23:21 Yahweh bless you, for you have had compassion on me- Saul made the common mistake of assuming that anyone on his side and against his perceived enemies was therefore also on God’s side. But our enemies’ enemy isn’t therefore necessarily a good person or Godly. This logic leads to all manner of damaged relationships between individuals and groups.
23:26 Saul went on one side of the mountain and David and his men on the other- David was going up one side of the cone shaped mountain, getting higher and higher, whilst Saul was chasing him, never catching up with him, but going around the other side. The dust from David’s group would’ve been visible to Saul’s army. It was clear that soon David would reach the summit- and there would be no way out, apart from upwards to Heaven. He was in a no way out situation, just as God sometimes puts us into.
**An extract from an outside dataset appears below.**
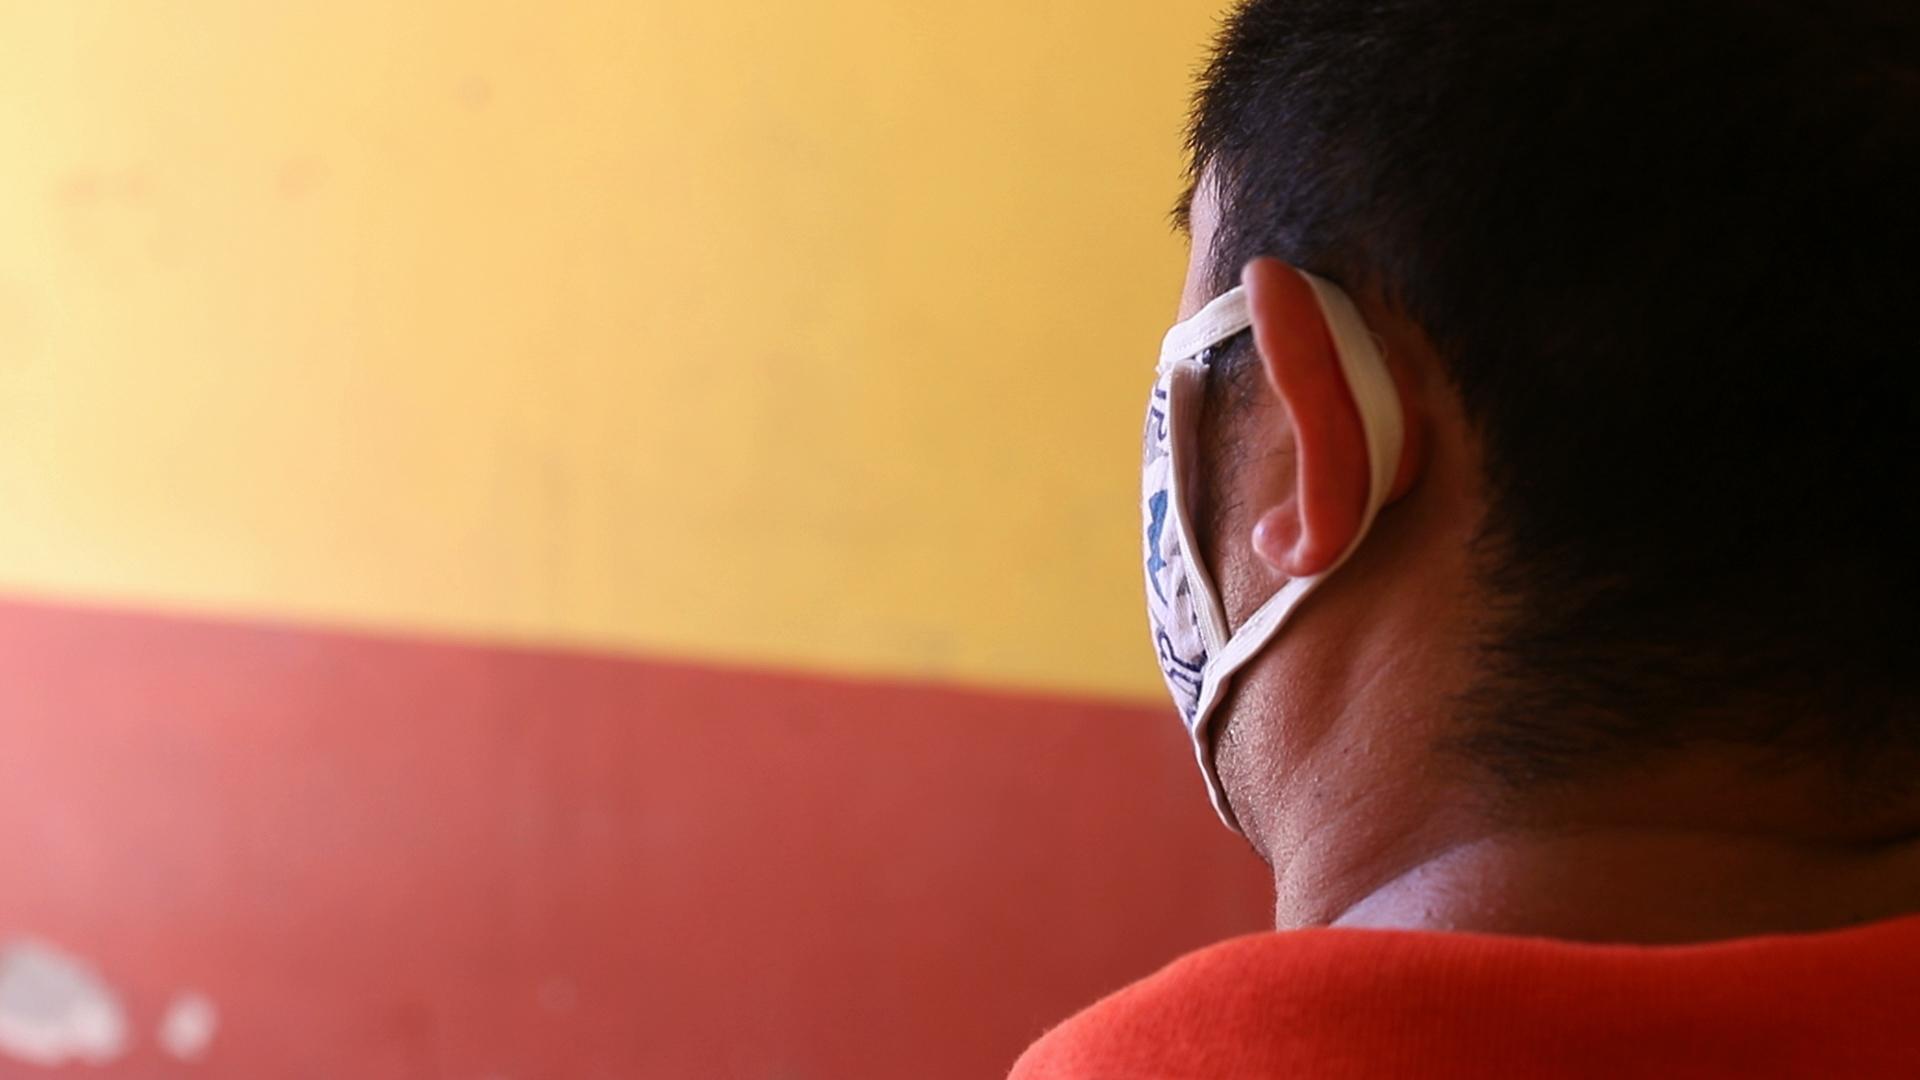 Arturo was subject to a xenophobic attack in Oluta, Veracruz, in February.

But amazingly, God stopped Saul in his tracks, just as He sometimes saves us from such humanly hopeless situations, so that we will walk humbly and gratefully before Him the rest of our days. See on 29:4.
23:27 The way Saul returns from pursuing David because of a rumour of invasion is so similar to Rabshakeh’s retreat from Jerusalem after rumours of incursions (Is. 37:9,10). There is a tremendous repetition within the Biblical narratives. Individuals tend to go through very similar experiences, and often the same words are used in the descriptions of the experience or their response to it. Some of these similarities are so specific and humanly unlikely to be replicated that one can only conclude that there was a higher power over-ruling their situations. It may be that the Angels work in human lives according to some kind of Divine pattern, and this accounts for the sense of repetition anddéjà vu. But it may also be because it is God's intention that we meditate upon the lives of previous servants to the point where we see their experiences coming through, in principle, in our own lives; and we are urged on to a like victory as they attained.